La principale raison qui apparaît dans ce sondage, et que l'on devine aisément, c'est la quête d'un cadre de vie plus agréable. Tout simplement. On veut moins de pollution, moins de bruit, moins d'agitation, moins de stress, et bien sûr moins de dépenses aussi, une vie moins chère...
C'est logique. Sauf que cette pollution, ce stress, cette vie parisienne plus chère ne datent pas d'aujourd'hui...
D'abord, notre époque est celle du mouvement. La sédentarité à vie n'est plus notre mode de fonctionnement : du fait des nouvelles technologies, des transports facilités, de la flexibilité du travail ,ou plutôt de sa précarisation!, vivre toute sa vie de la même façon, au même endroit, dans le même poste n'est plus un idéal comme cela l'a longtemps été. Et cela, on peut le voir comme un signe de fragilisation, d'instabilité, mais aussi comme un signe de liberté : on n'est plus condamné à rester ce que l'on est.
On n'est plus condamné à rester ce que l'on est.
Il faut se rappeler que longtemps, changer de région, donc de vie, passait pour une lubie de marginal. Voire un aveu d'échec. A notre époque plus individualiste, c'est plutôt le signe d'une indépendance, d'une liberté et d'une quête de mieux être. Il s'agit de réussir sa vie et non plus réussir dans la vie.
Et en quoi ce mouvement qui va de Paris vers la province serait plus propice à ce changement d'état d'esprit ?
Il est assez révélateur d'un bouleversement des valeurs, d'une remise en questions des priorités. Au fond, vivre à Paris, cela veut dire quoi ? Pourquoi est-ce que, pendant longtemps, on a voulu "monter à Paris", comme on disait ? Dans l'espoir de trouver un travail intéressant, de faire carrière, pour voir la vie en plus grand, en plus vite, en plus intense, en plus brillant aussi. Paris, c'est le travail, la réussite, mais aussi le luxe, la mode, les mondanités, les sorties... Autant de symboles qui ont trait à la représentation, au paraître, au jeu social... Et c'est tout cela qui aujourd'hui, pour beaucoup, perdrait son intérêt. Au bénéfice de quoi ? D'une quête de vie plus lente, plus calme, en plus grande harmonie avec l'environnement, la nature, plus adapté à une vie de famille tranquille. Comme un passage du paraître à l'être. En cela, oui, c'est un changement de valeurs qui s'exprime.

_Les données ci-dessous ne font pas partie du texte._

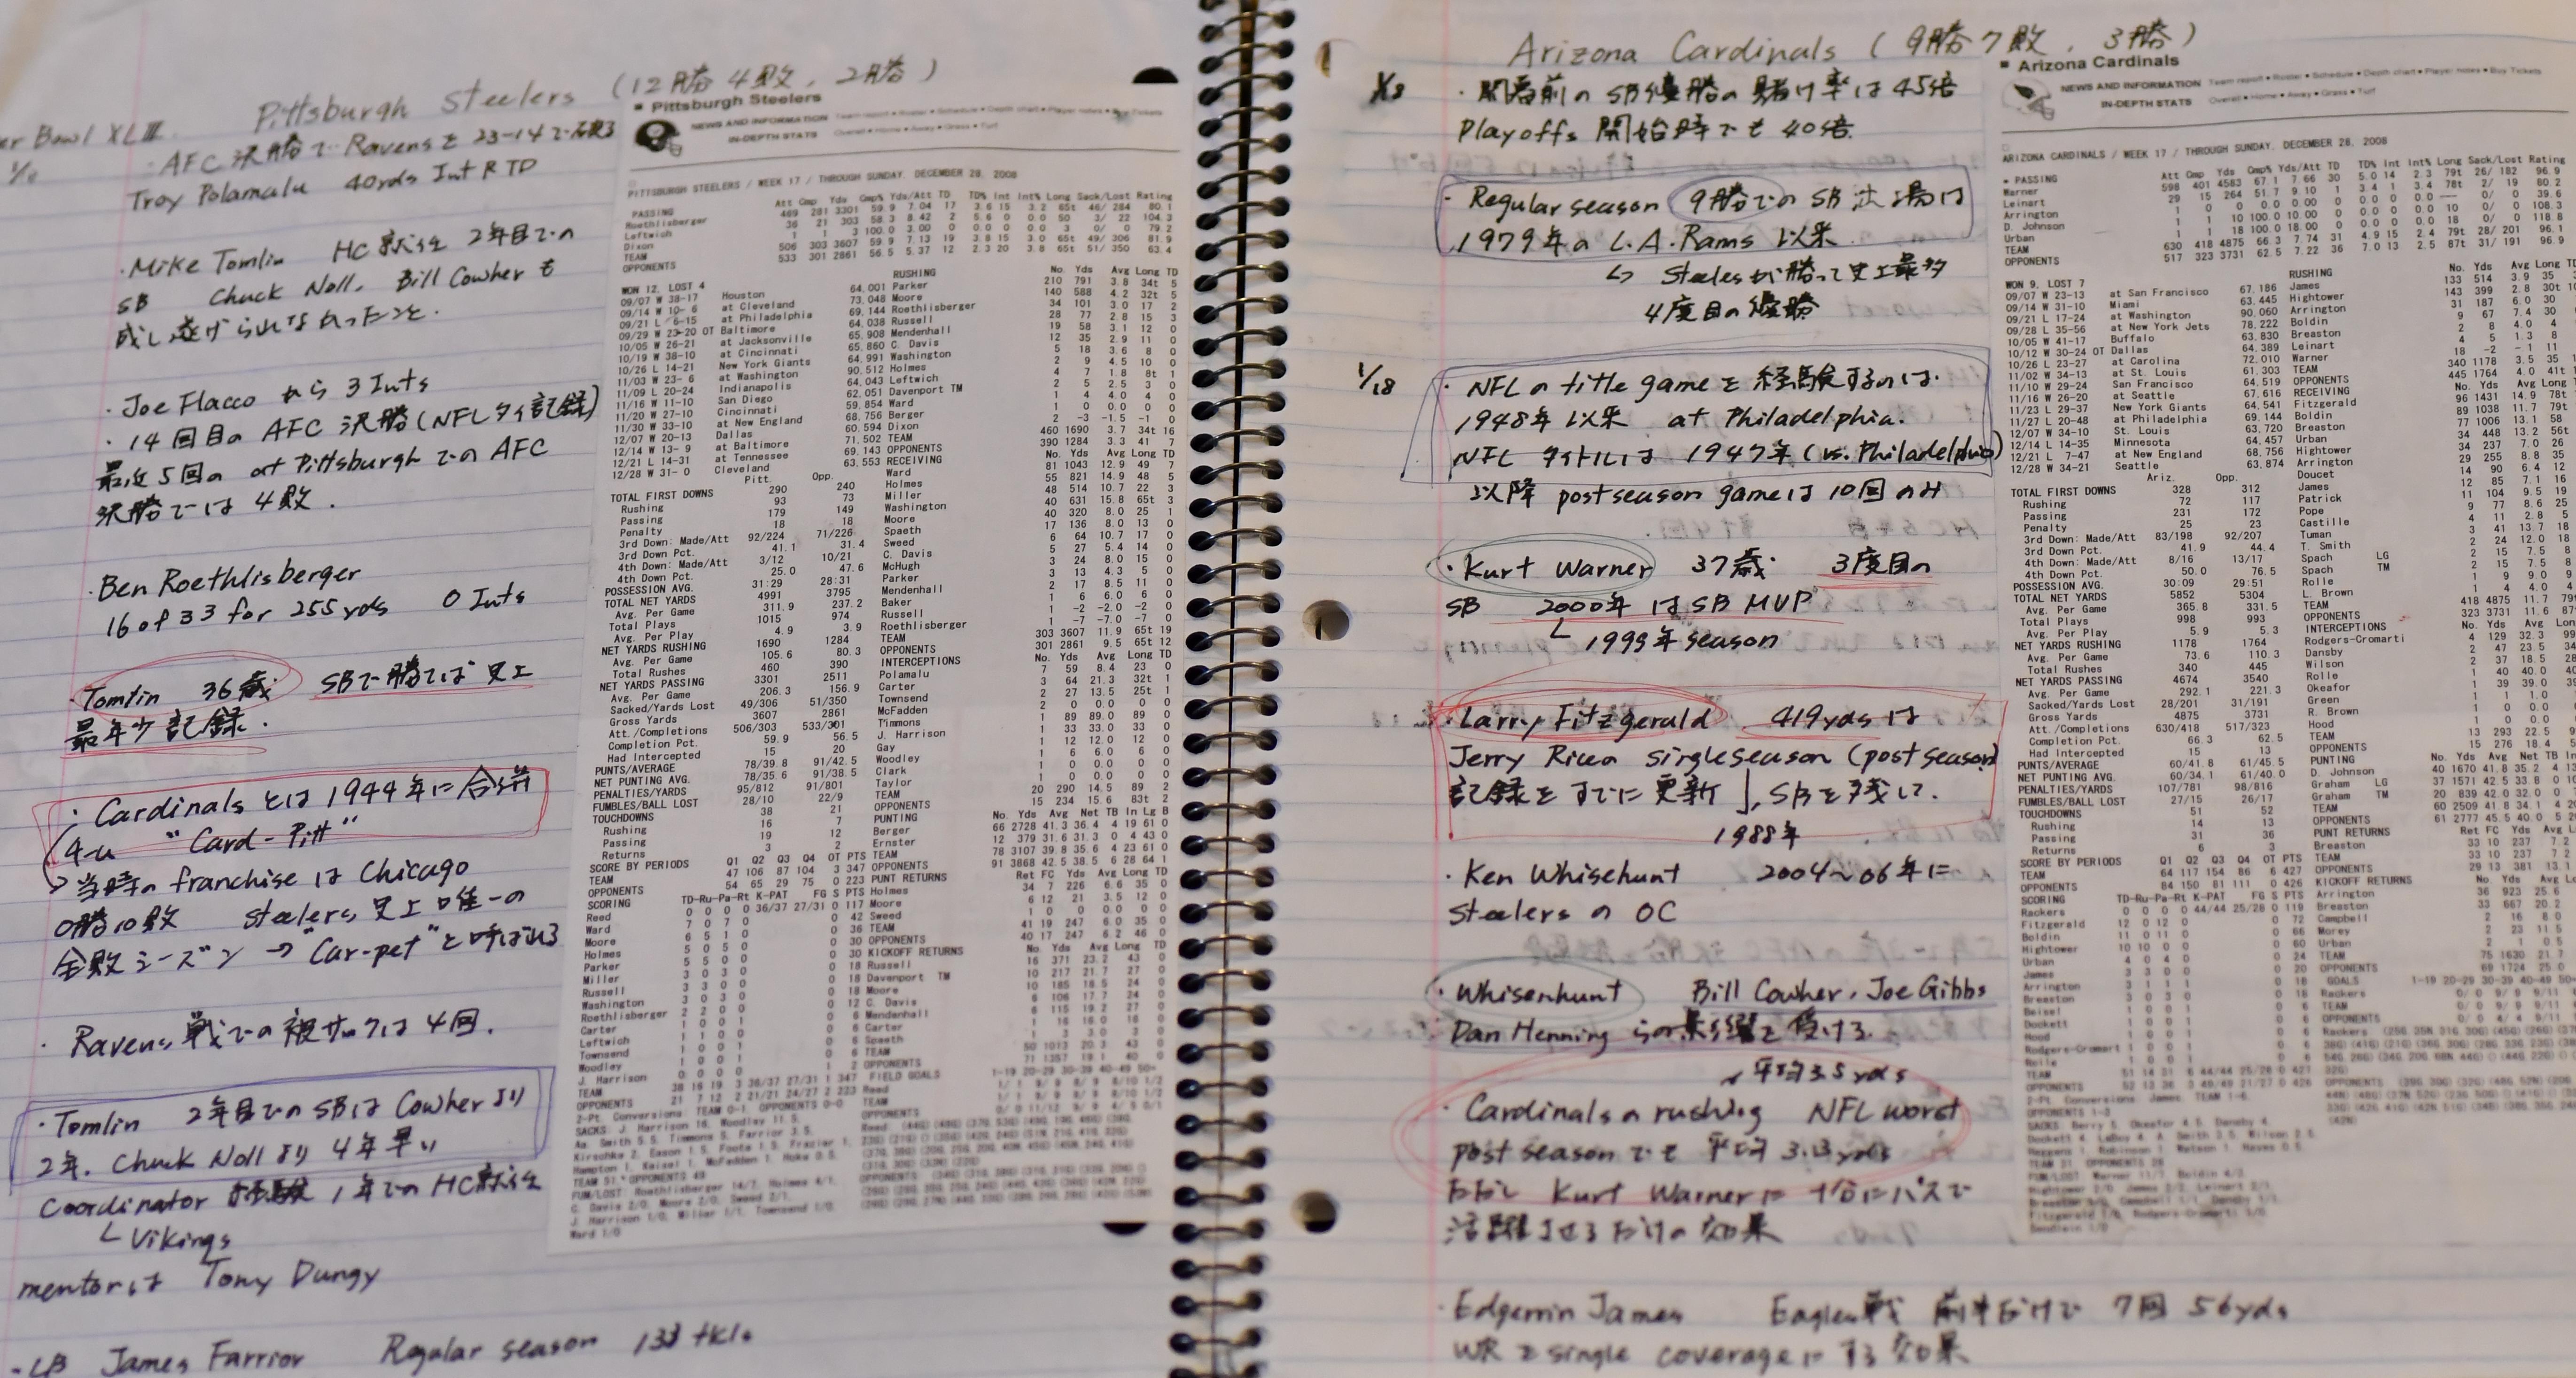 NFL選手の細かい情報やリーグの歴史などが書かれた「ネタ帳」は、筆者にとって心強い味方=提供・生沢浩さん

Et à quoi tient ce changement de valeurs et de priorités ?
La crise n'y est pas pour rien. Avec elle, on en vient inéluctablement à s'interroger sur ce qui fait sens, pour soi. Qu'est-ce que je veux ? Qu'est-ce qui compte réellement pour moi ? Est-ce que ce: après quoi je cours sait me rendre heureux ? Dès qu'on se pose ces questions, on effectue un retour sur soi qui très souvent, aboutit à un désir de plus de simplicité pour soi et pour sa famille.
Est-ce que, derrière tout cela, il n'y a pas quand même une idéalisation de la vie de province ?
Il y a sans doute une part de fantasme, et qui explique que beaucoup ne franchissent pas le cap. Ce projet restera pour eux de l'ordre du rêve. Mais à ce titre, c'est intéressant de voir que les régions dans lesquels les franciliens rêvent de s'installer sont d'abord, la Provence et la Bretagne : parce que ce sont les premières destinations de vacances des parisiens. A priori, on peut en conclure que ce qui est espéré c'est de vivre toute l'année comme en vacances, et cela relève du fantasme et de l'idéalisation de la vie provinciale. Sauf que lorsque vous regardez ce sondage en détails, vous voyez que ce qui attire ces franciliens ce n'est pas la vie à la campagne ou au bord de la plage, mais les petites et moyennes villes. Autrement dit le but n'est pas de ne plus rien faire : on veut rester dans la vie active...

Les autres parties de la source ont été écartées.